I think that this was not the function that you intended to write (probably you omitted parentheses, which are essential when one writes in-line fractions). In fact, you can rewrite that function as follows:
#c(x)=ln(1+e^x/1-e^x)=ln(1+e^x-e^x)=ln(1)=0#
The derivative of a constant function is #0#, so
#c'(x)=0#


I'll try to infer the function that you wanted to write:
#f(x)=ln((1+e^x)/(1-e^x))#
The code to render this properly is f(x)=ln((1+e^x)/(1-e^x)) (notice the usage of parentheses).

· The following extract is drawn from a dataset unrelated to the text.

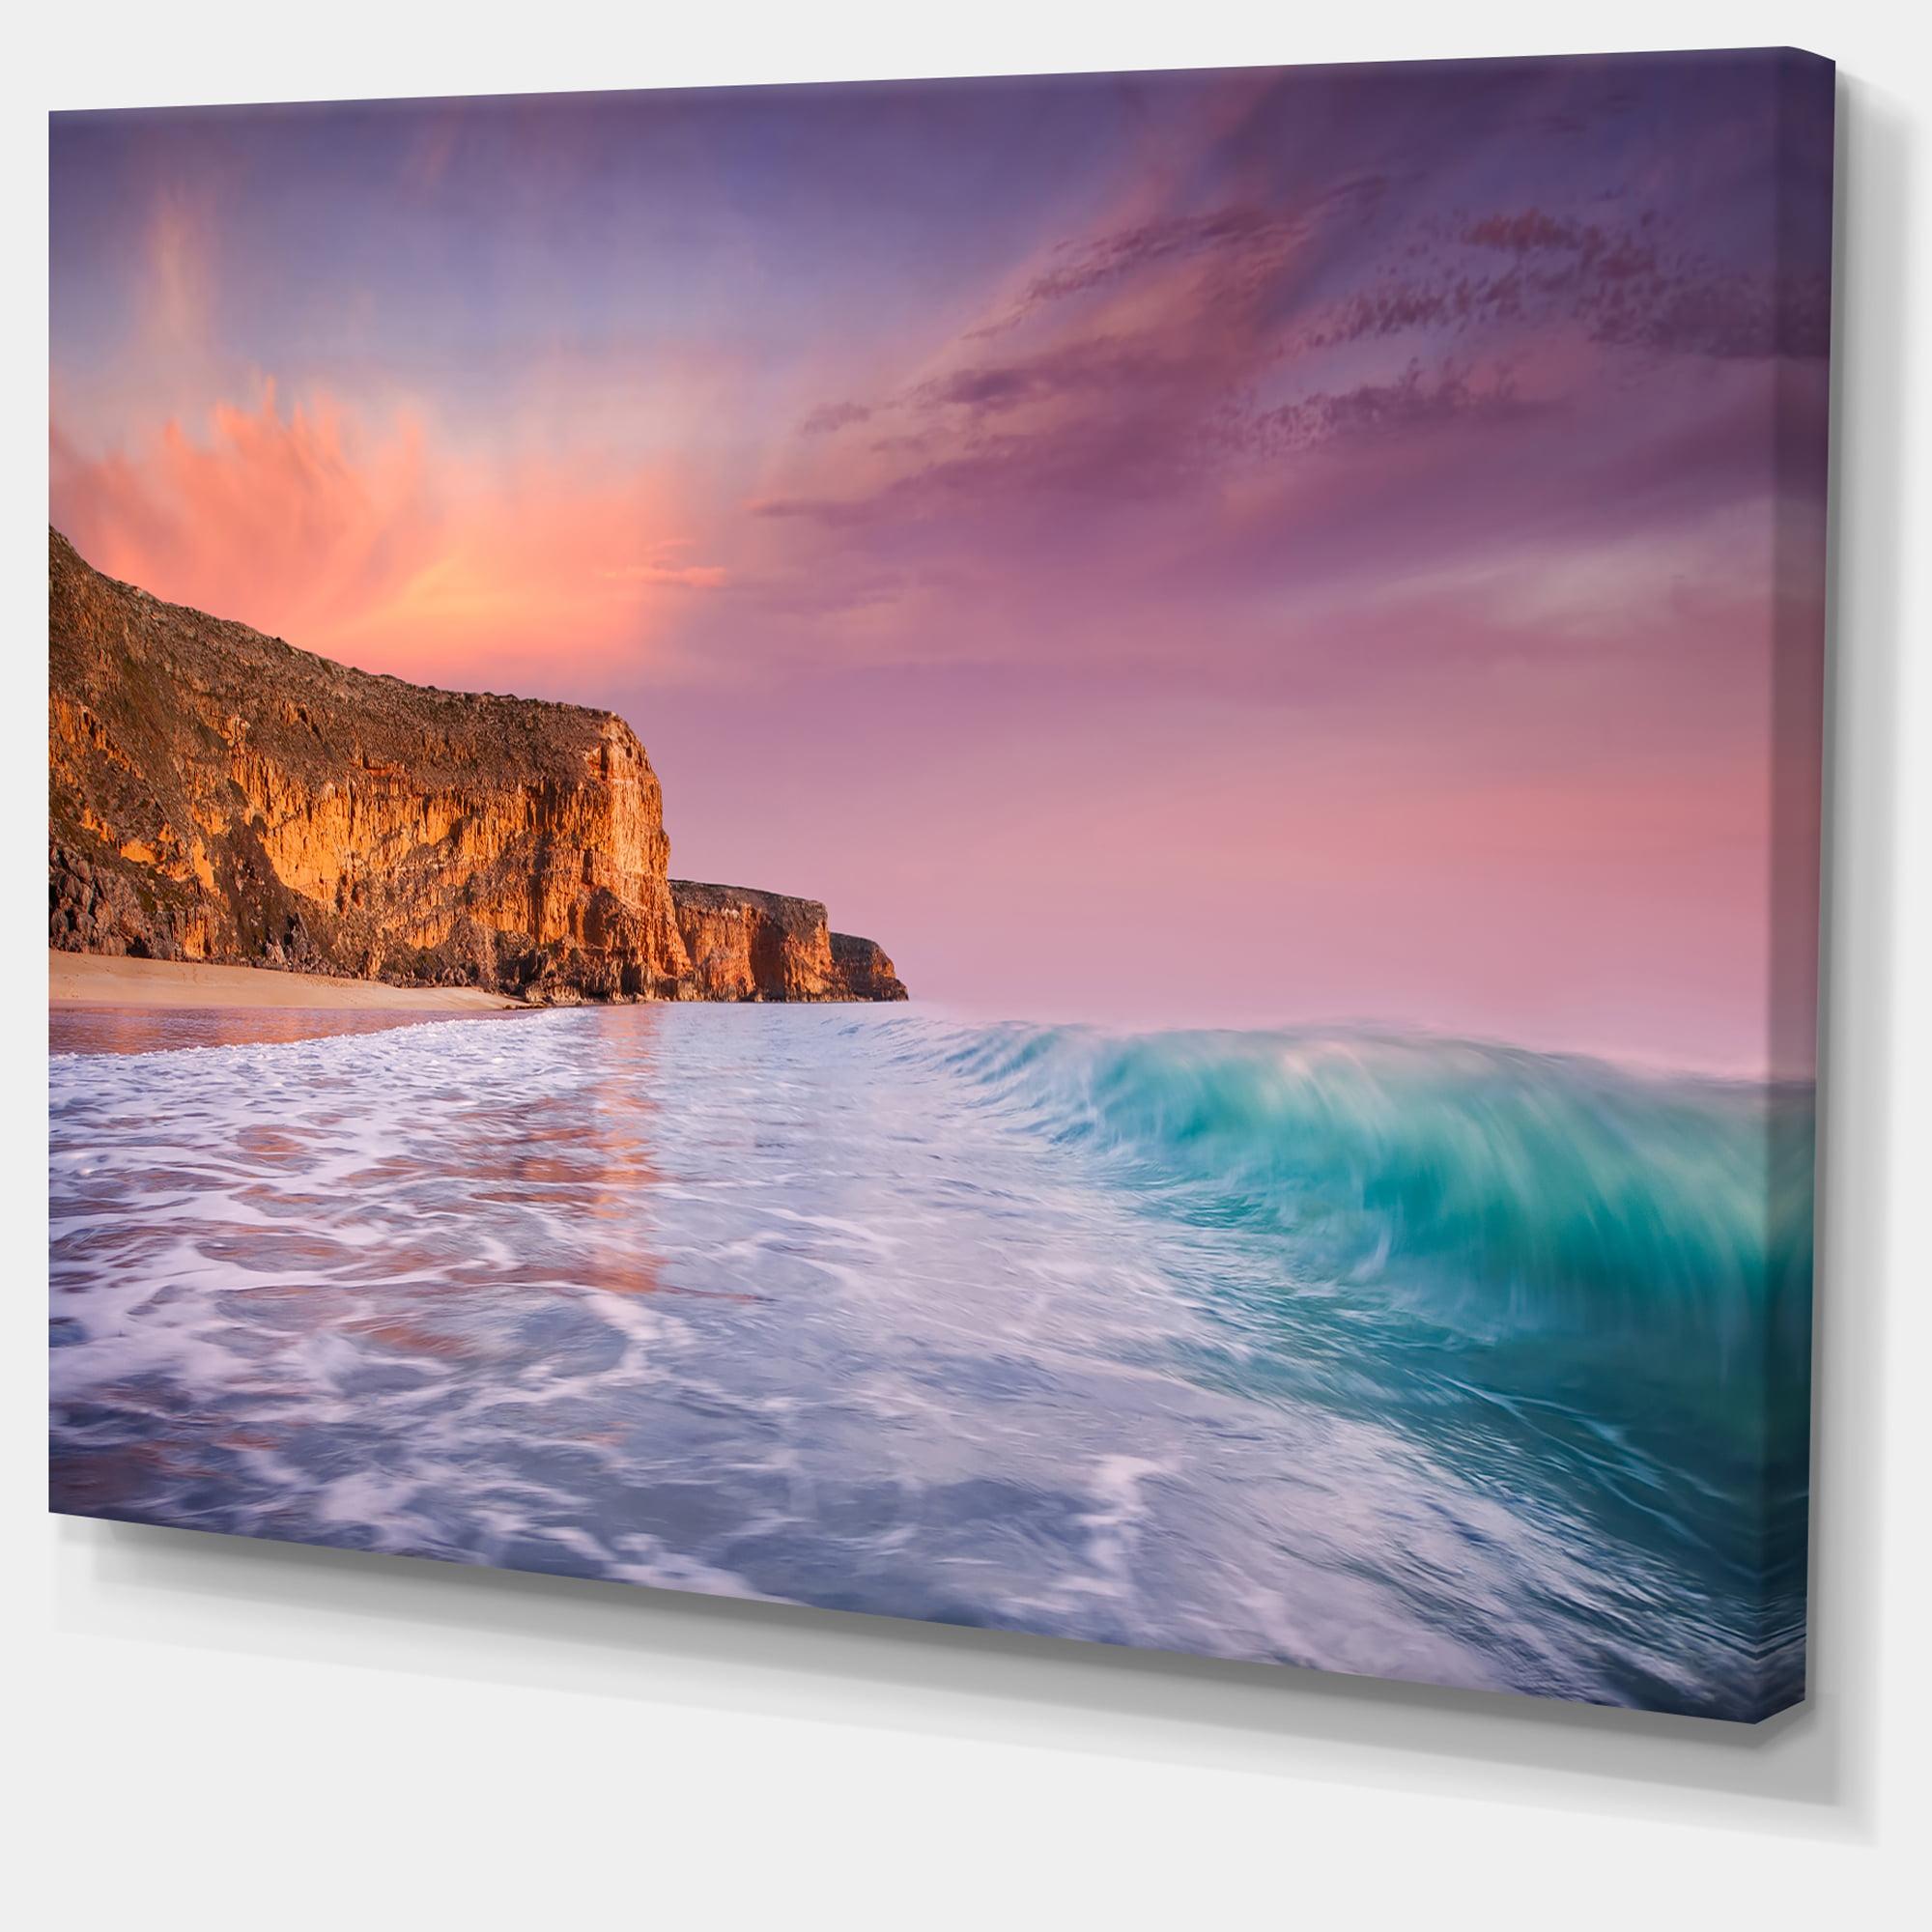 Beautiful Paradise Sunset - Extra Large Seascape Art Canvas - image 1 de 3

This is a function composition. Given two functions #y=g(x)# and #z=h(y)# you can compute the derivative of the composition #f(x)=h(g(x))# as follows:
#f'(x)=h'(g(x))*g'(x)#
In this particular case #g(x)=(1+e^x)/(1-e^x)# and #h(y)=ln(y)#.

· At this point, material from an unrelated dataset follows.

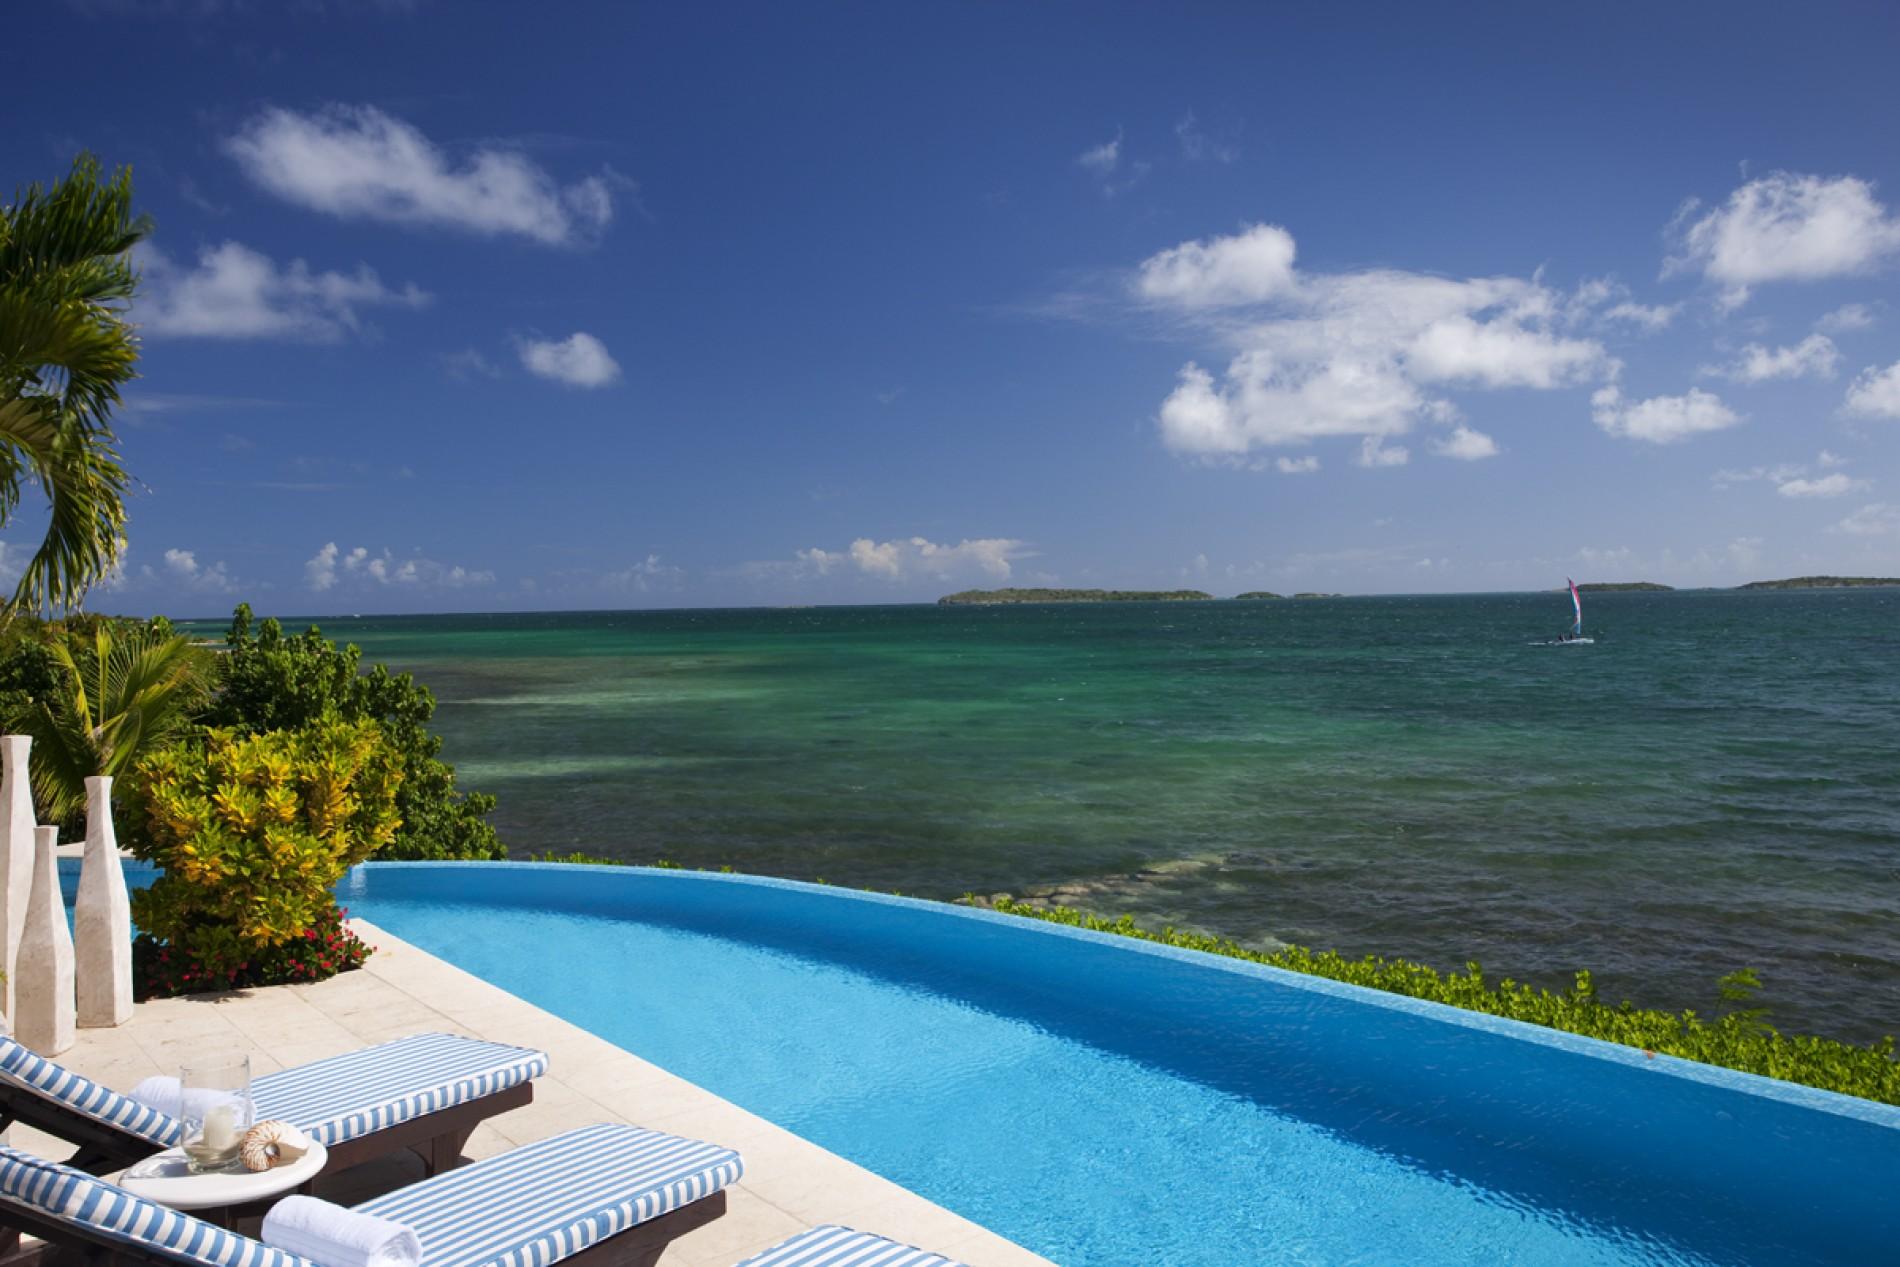 Private Island Rental For Honeymoon

The derivative of #g# we is the derivative of a quotient
#g'(x)=(e^x(1-e^x)-(1+e^x)(-e^x))/(1-e^x)^2=(2e^x)/(1-e^x)^2#
and the derivative of #h# is the derivative of the logarithmic function
#h'(y)=1/y#
So
#f'(x)=h'(g(x)) * g'(x)=1/((1+e^x)/(1-e^x)) * (2e^x)/(1-e^x)^2=(2e^x)/((1+e^x)(1-e^x))=(2e^x)/(1-e^(2x))#

Apr 26, 2015

I assume you want to differentiate:

#y=ln((1+e^x)/(1-e^x))#.

You could use #d/dx (lnu) = 1/u (du)/dx# with #u = (1+e^x)/(1-e^x)# and use the quotient rule to find #(du)/dx#, but it's a little quicker to use #ln(a/b) = lna - lnb# to rewrite the function as:

#y=ln(1+e^x) - ln(1-e^x)#. before differentiating:

#y' = 1/(1+e^x) e^x - 1/(1-e^x) (-e^x)#

Or, simplifying:

#y' = e^x/(1+e^x) + e^x/(1-e^x) = (2e^x)/(1-e^(2x))#